As pointed out by Philippe, this is not what STL is made for. In STL you try to find seasonality patterns by loess smoothing the seasonality of subsequent years. If you have observations from just one year, there is just one seasonality pattern (at least if you look for monthly or quaterly patterns).

> > I have now accepted, that I might have to convert my series into ts
> > () but still I am not able to execute the comand since stl() is not
> > satisfied

And there are reasons for this: you need to have a regular time series with a certain frequency so that STL is applicable. (One could argue that "ts" is not the only format for regular time series but typically you can easily coerce back and forth between "ts" and "zoo"/"zooreg".

> > x<-zoo(rnorm(365), as.Date("2005-01-01"):as.Date("2005-12-31"))

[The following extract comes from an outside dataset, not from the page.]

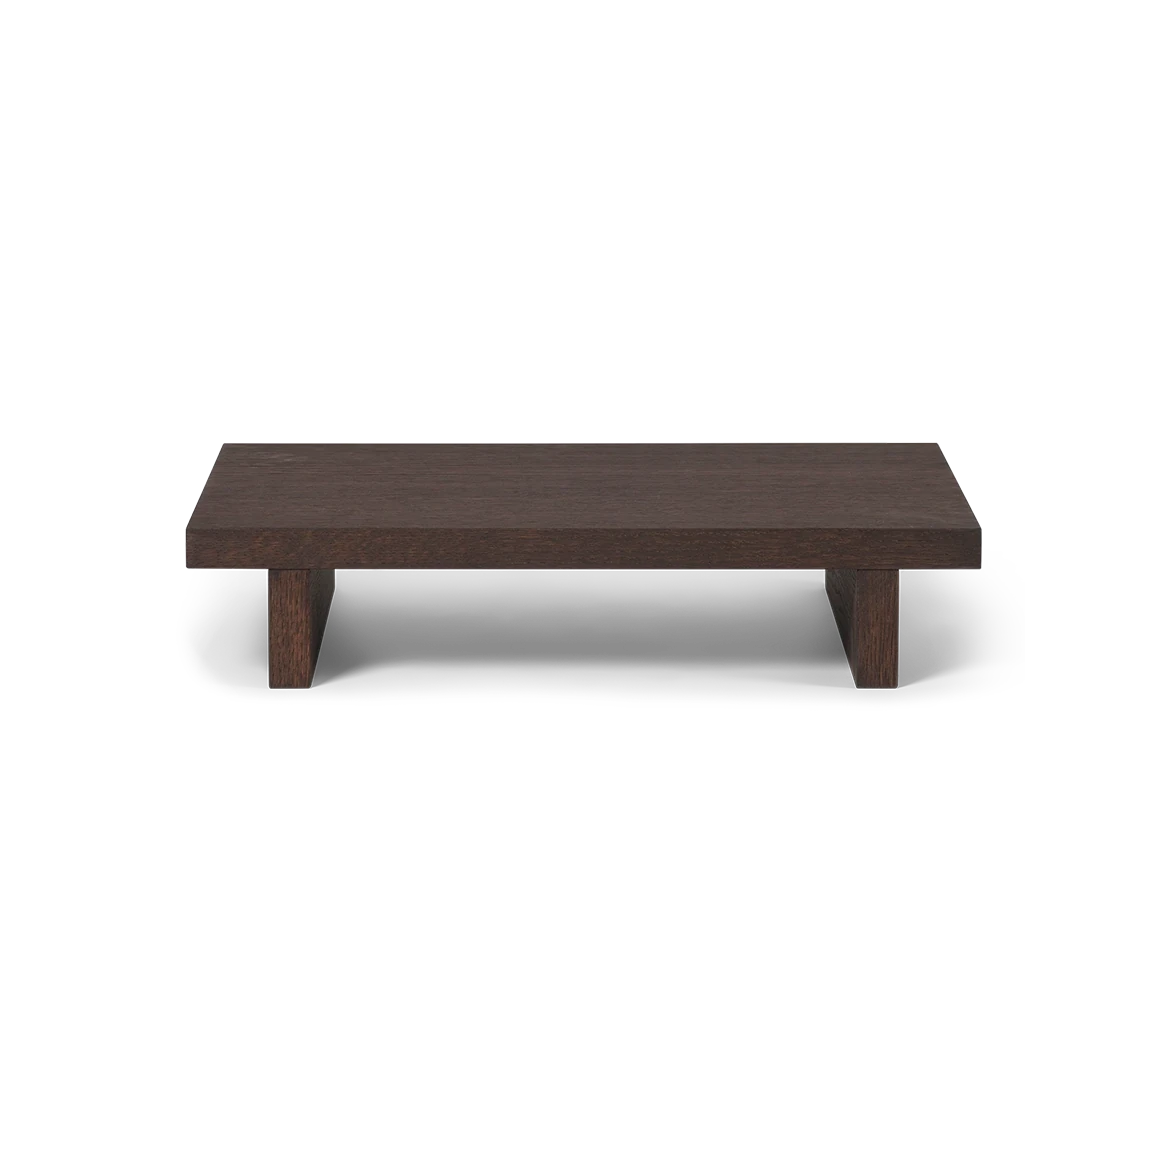 Kona Side Table | Natural Oak or Dark Stained Oak | by ferm Living

I don't think that this is what you want. Look at time(x). I guess you mean
x <- zoo(rnorm(365), seq(from = as.Date("2005-01-01"),     to = as.Date("2005-12-31"), by = "1 day"))

> > x<-as.ts(x)
> > #x<-as.ts(x, frequency=12) #this has no effect frequency is not

Here, it seems to me that you want to aggregate to monthly data, this can be done via
x2 <- aggregate(x, as.yearmon, mean)

This is now (by default) a regular series with frequency 12   frequency(x2)

and hence it can be easily coereced to "ts" and back (with almost no loss of information):
as.zoo(as.ts(x2))

However, calling stl(as.ts(x2)) still complains that there are not enough periods because this is just a single year, i.e., only a single seasonality pattern. To look at this, you could do

barplot(x2)

For looking at the trend you could use a simple running mean   plot(x)
lines(rollmean(x, 14), 2)
or you could also use loess() or some other smoother...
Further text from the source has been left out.